— А теперь идемте в гостиную, Винсент, — сказал Гаше, поведав Винсенту во всех подробностях историю каждой птицы.
Гостиная, занимавшая переднюю часть дома, была просторная, с высоким потолком, но в ней было всего-навсего два маленьких окна, выходивших в сад. Эта большая комната была так заставлена мебелью, антикварными редкостями и всякой рухлядью, что у стола, стоявшего посередине, едва хватало места для двух человек. Окна пропускали очень мало света, и Винсенту показалось, что все вещи в гостиной черные.
Гаше метался по комнате, то и дело хватал какой-нибудь предмет, совал его Винсенту и вырывал из рук, раньше чем тот успевал что-либо рассмотреть.
— Поглядите. Видите букет на той картине? Делякруа держал цветы вот в этой вазе. Можете ее потрогать. Разве вы не чувствуете, что это та самая вещь? Видите это кресло? На нем сидел у окна Курбе, когда писал мой сад. А эти красивые блюда? Их привез мне Демулен из Японии. Одно из этих блюд брал для своего натюрморта Клод Моне. Натюрморт наверху. Идемте, я покажу.
За обедом Винсент познакомился с сыном Гаше, Полем, живым и красивым пятнадцатилетним мальчиком. Несмотря на то что Гаше страдал желудком, обед у него был из пяти блюд. Винсент, привыкнув в Сен-Реми к одной чечевице да черному хлебу, спасовал уже после третьего блюда.

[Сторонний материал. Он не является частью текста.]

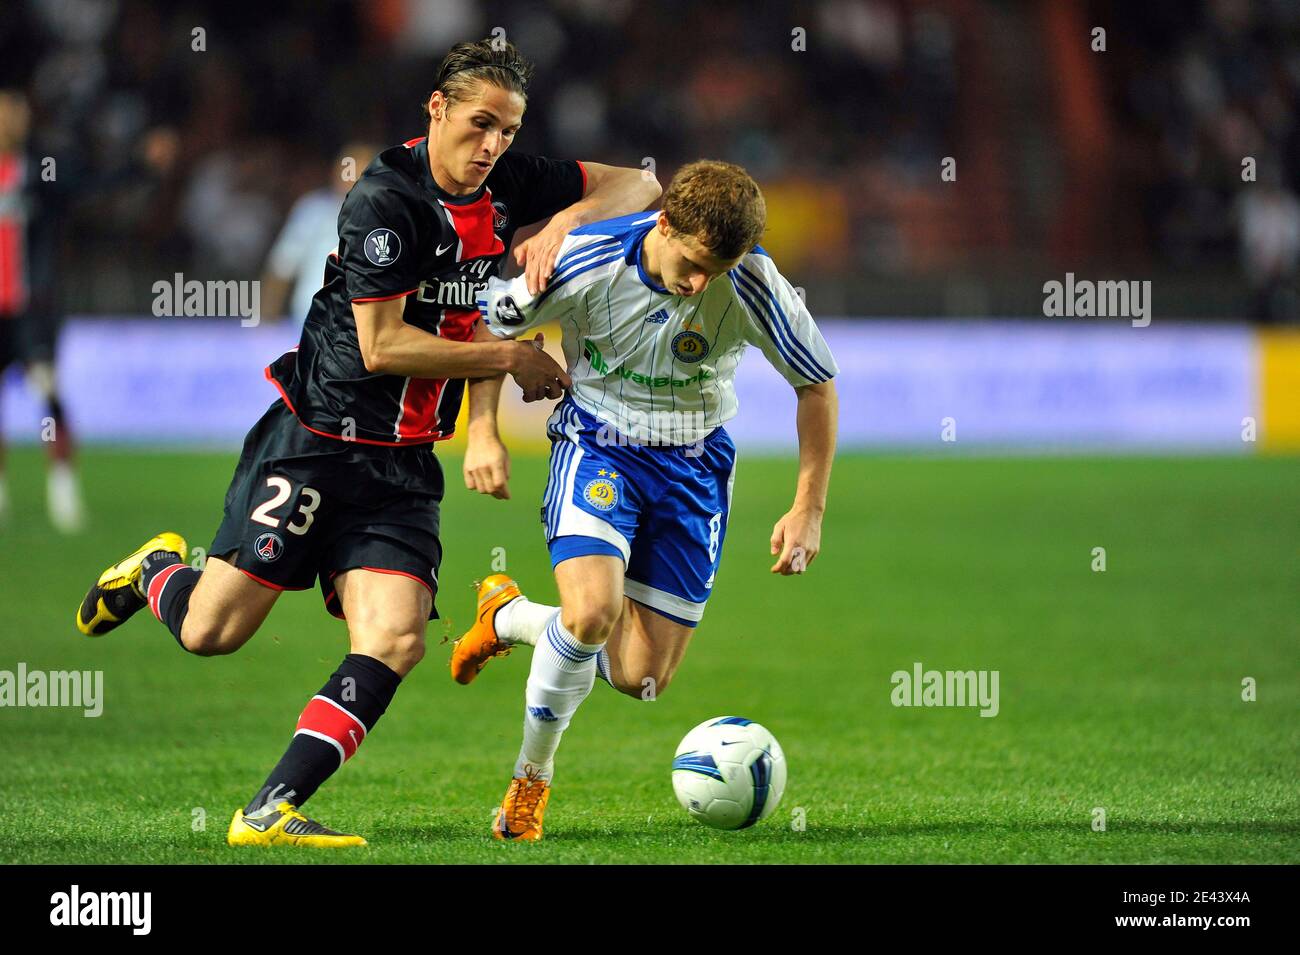 Jeremy Clement of Paris Saint Germain fights for the ball with Olexandr Aliyev of Dynamo Kyiv during the UEFA Cup quarter-finals match played in Parc des Princes stadium, Paris, France, 9 April 2009. Photo by Stephane Reix/ABACAPRESS.COM Stock Photo

— А теперь нам надо поработать! — воскликнул доктор. — Вы будете писать мой портрет, Винсент; я буду позировать вот так, как сижу сейчас, хорошо?
— Мне сначала надо бы узнать вас поближе, доктор, а то, боюсь, портрет выйдет очень поверхностный.
— Ну что ж, возможно, вы правы, возможно, и правы. Но что-нибудь вы все-таки напишете? Позвольте мне посмотреть, как вы работаете. Мне так хочется посмотреть!
— Я видел в саду место, которое стоило бы написать.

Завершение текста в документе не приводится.